## Task directions
Copy the closing run of lines, from the one with "صفحه پنل کاربری" through the last line of the listing, exactly and without any pictures.

## Data excerpt
··········

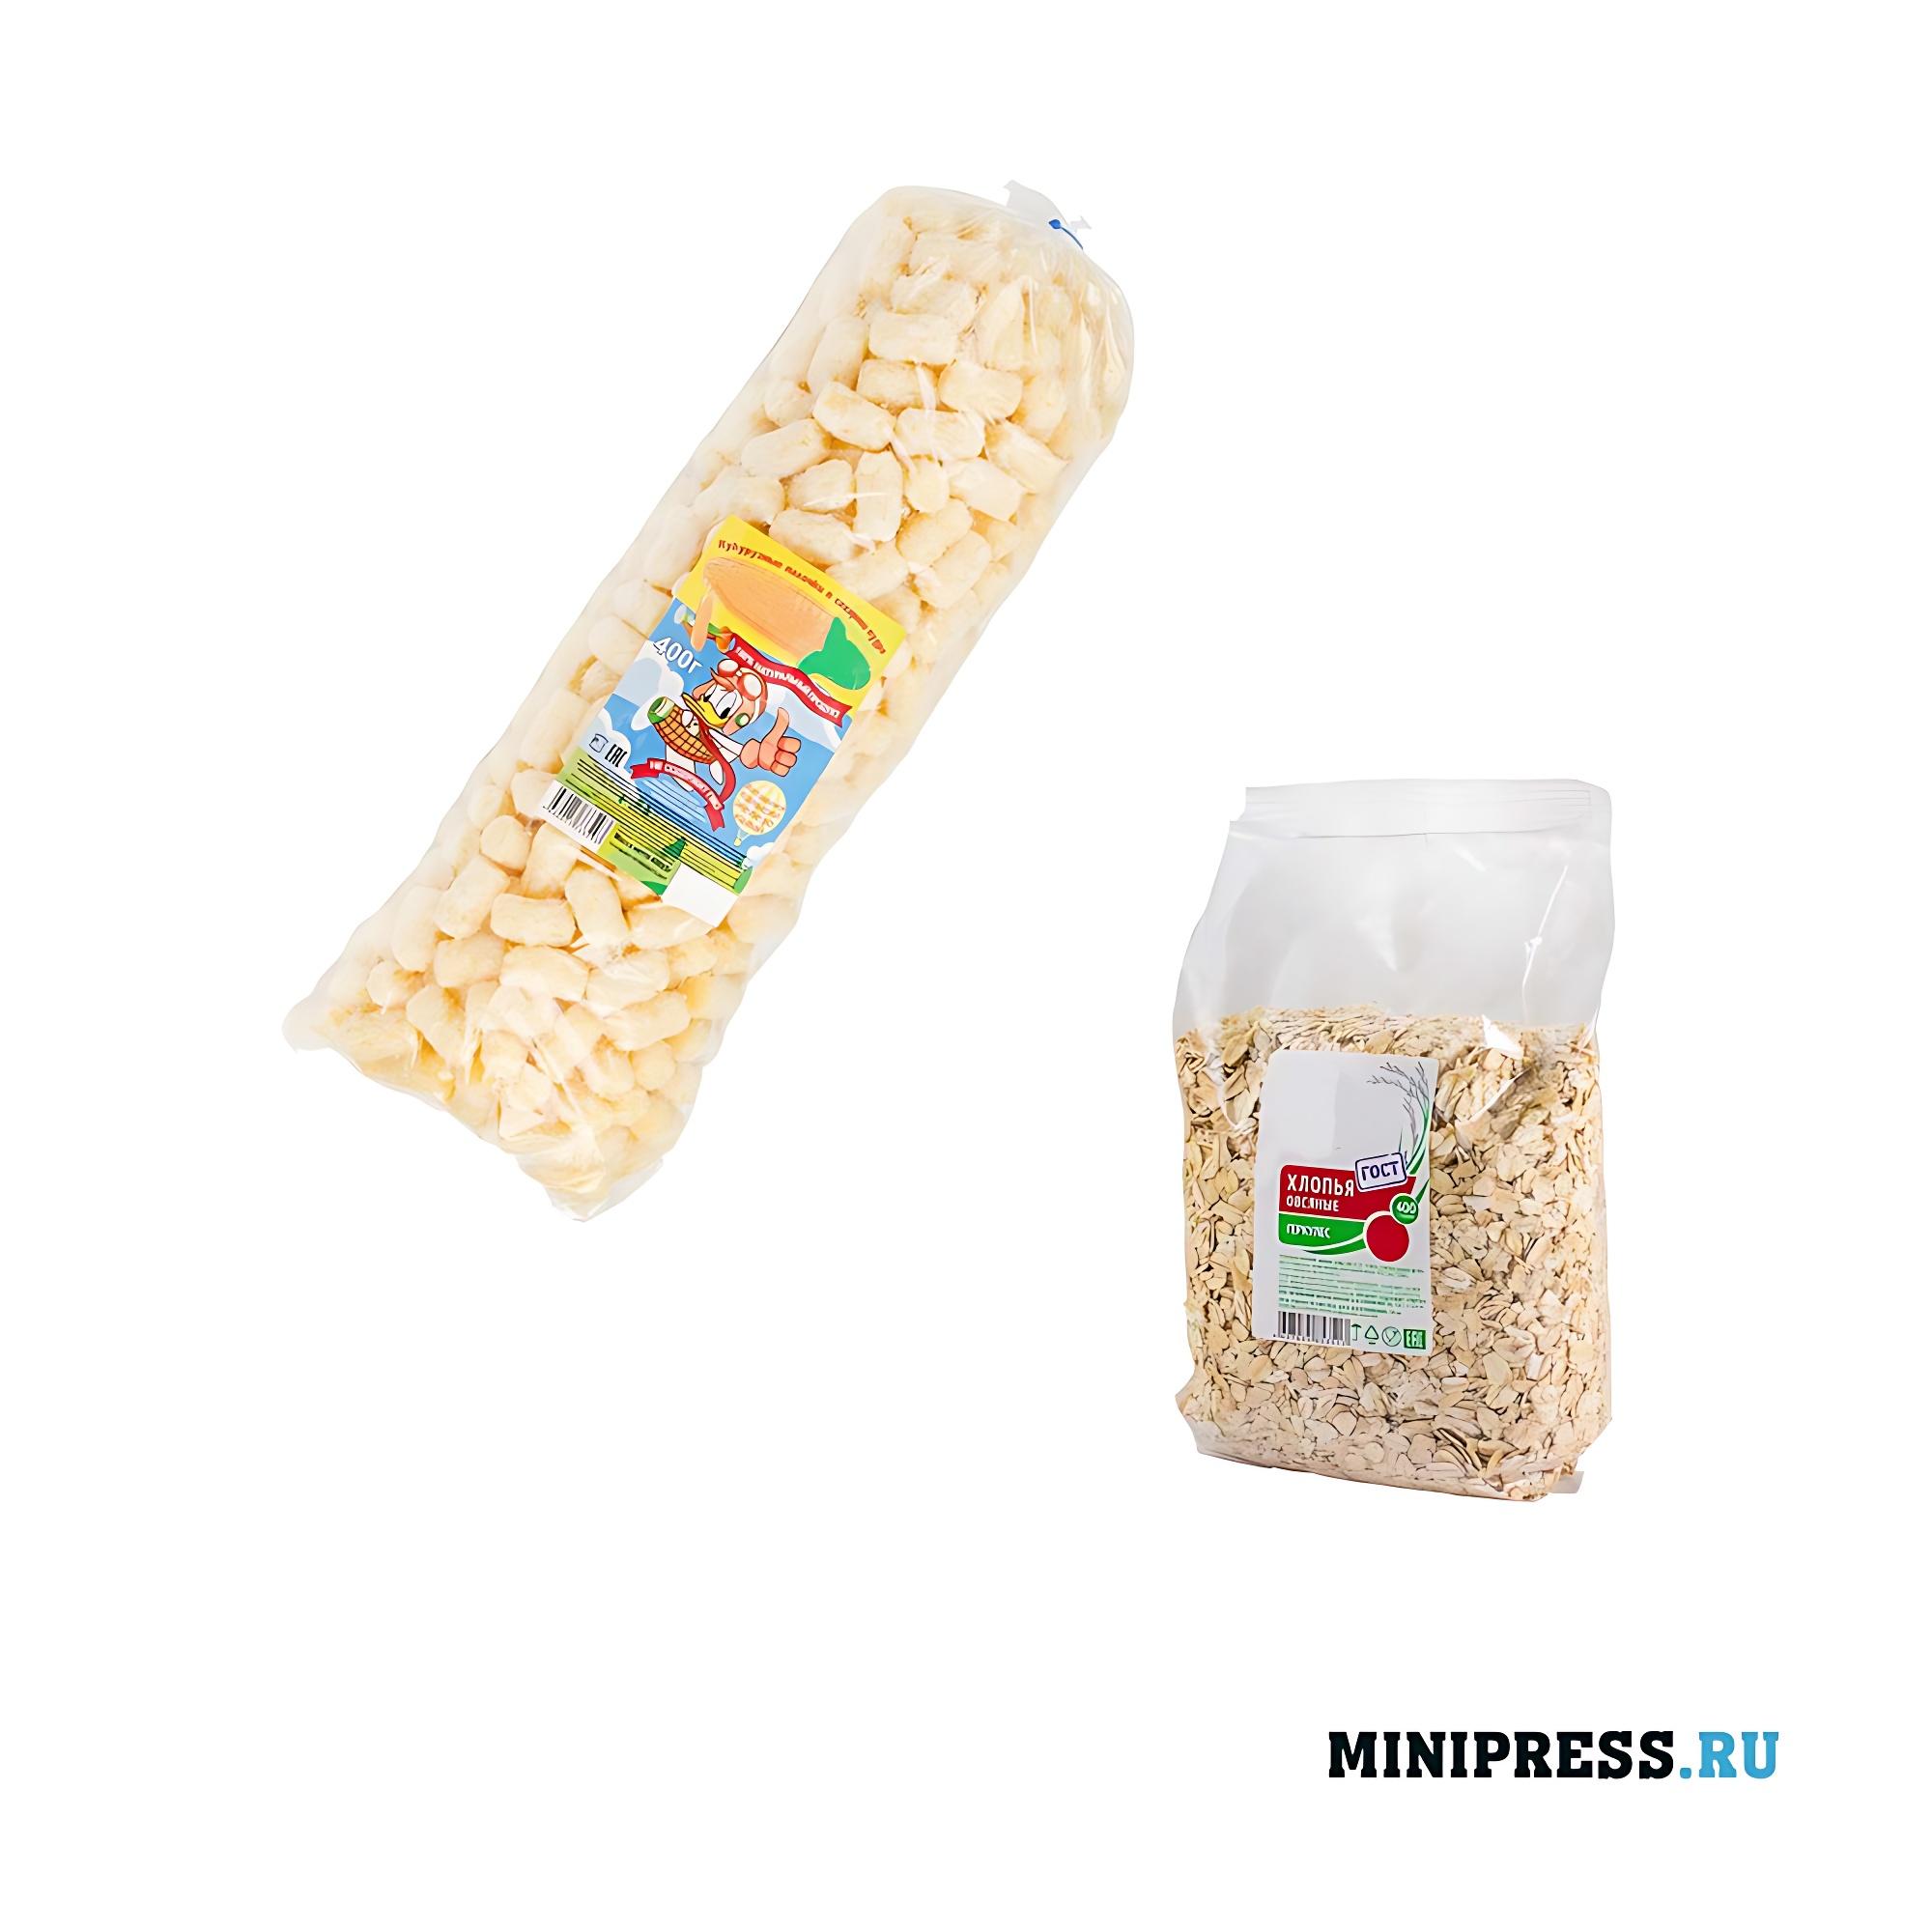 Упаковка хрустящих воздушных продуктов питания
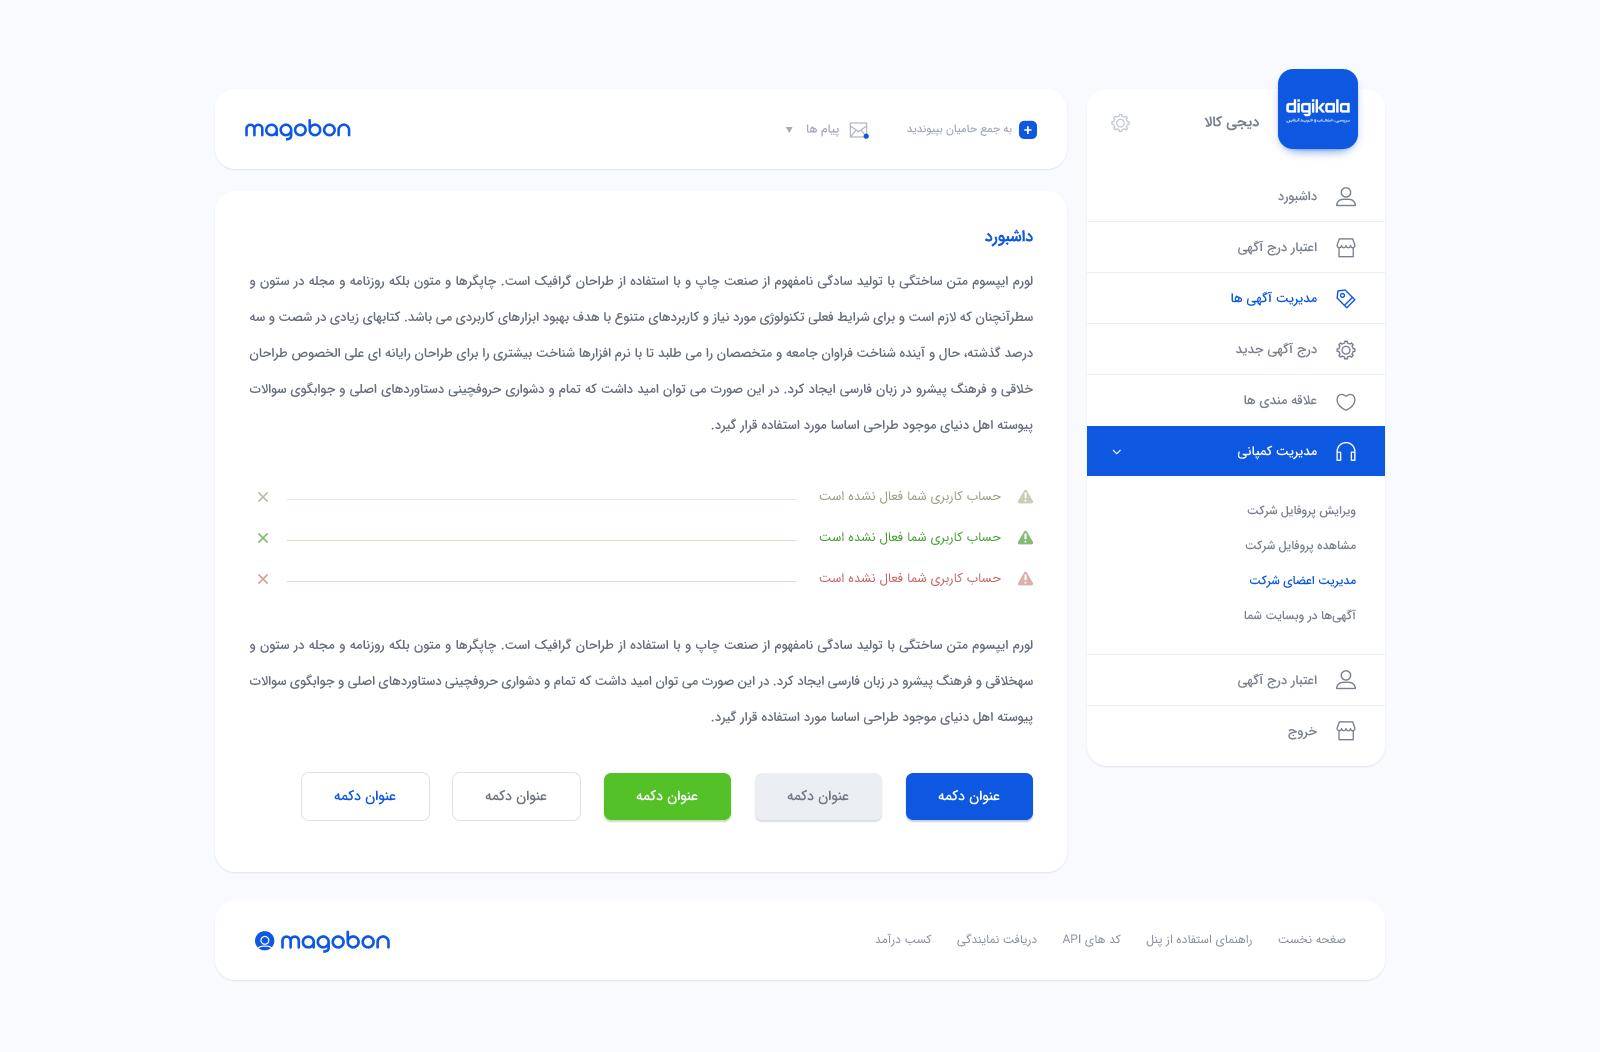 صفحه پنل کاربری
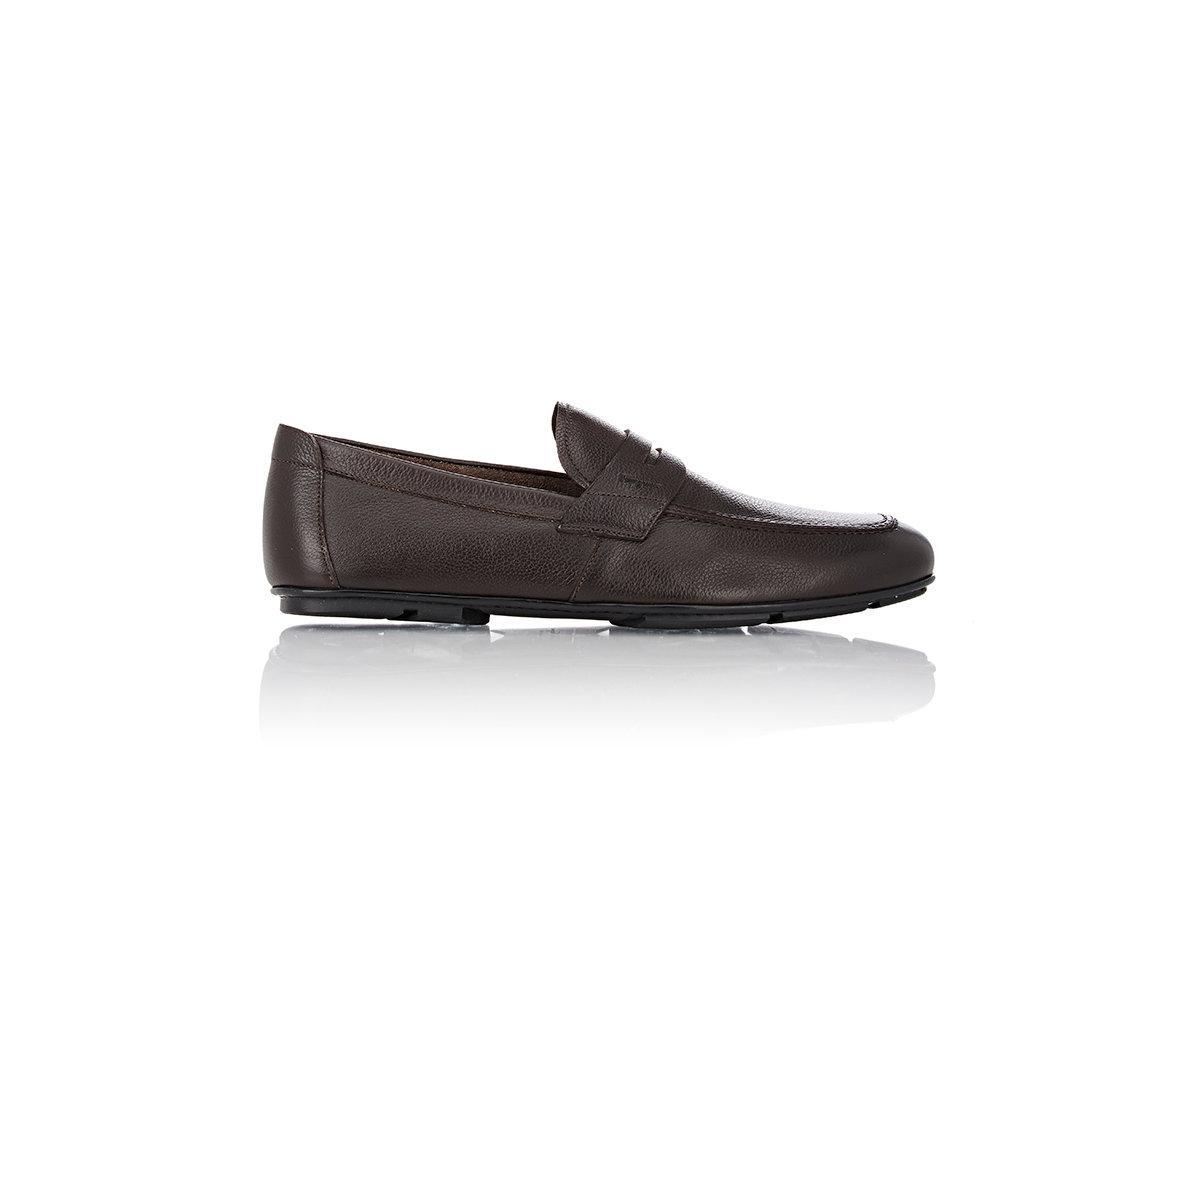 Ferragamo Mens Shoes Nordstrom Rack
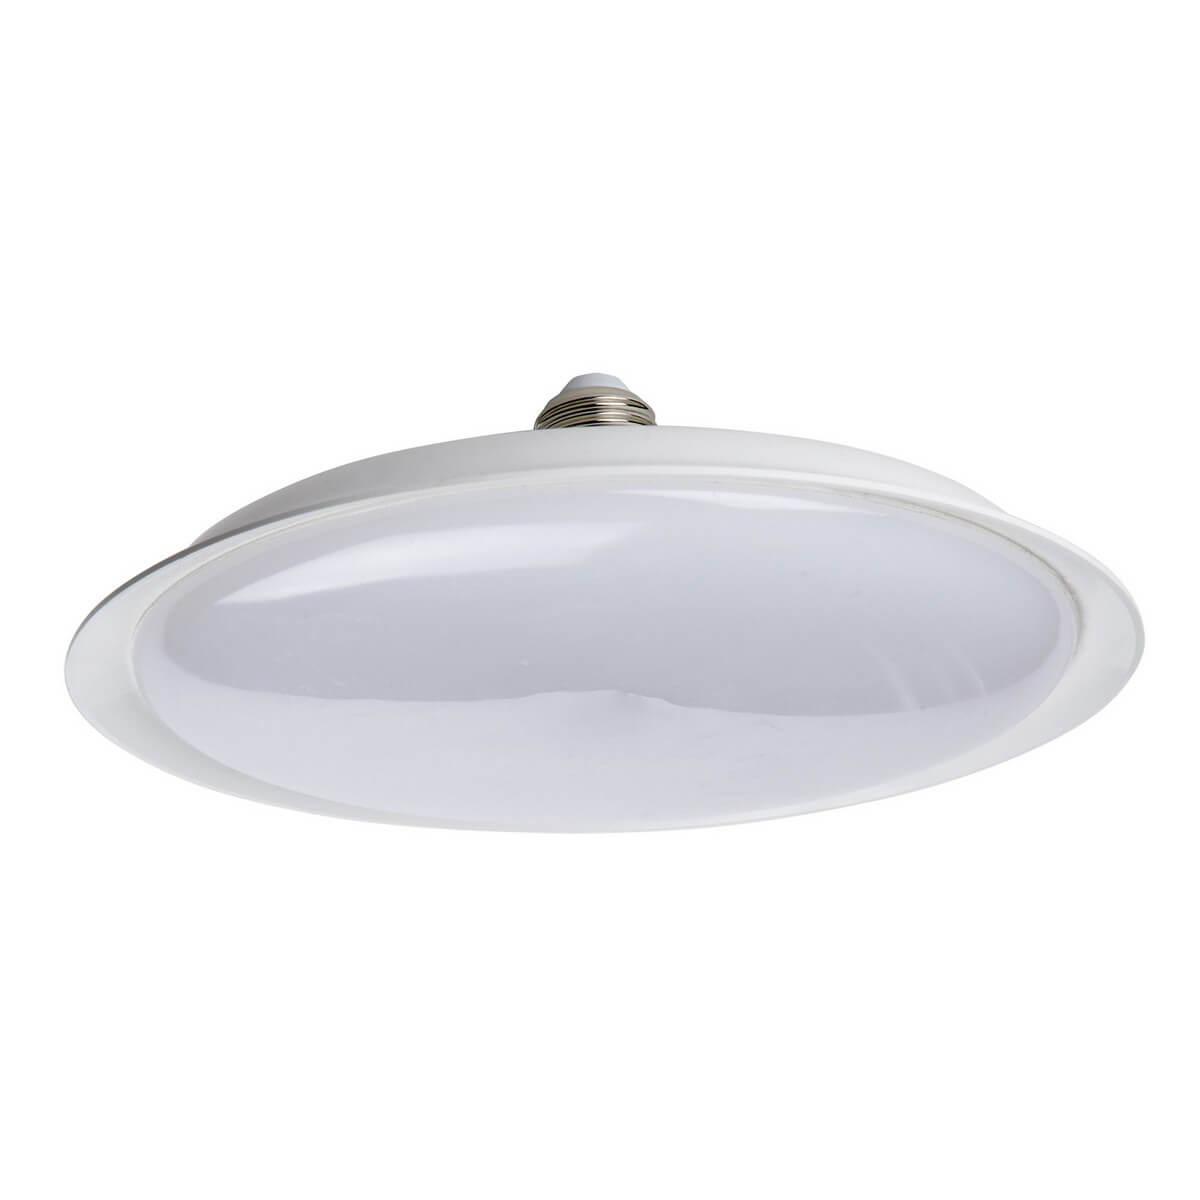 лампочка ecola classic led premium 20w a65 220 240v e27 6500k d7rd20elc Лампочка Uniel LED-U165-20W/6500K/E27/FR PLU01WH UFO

··········

## Response area
 صفحه پنل کاربری
 Ferragamo Mens Shoes Nordstrom Rack
 лампочка ecola classic led premium 20w a65 220 240v e27 6500k d7rd20elc Лампочка Uniel LED-U165-20W/6500K/E27/FR PLU01WH UFO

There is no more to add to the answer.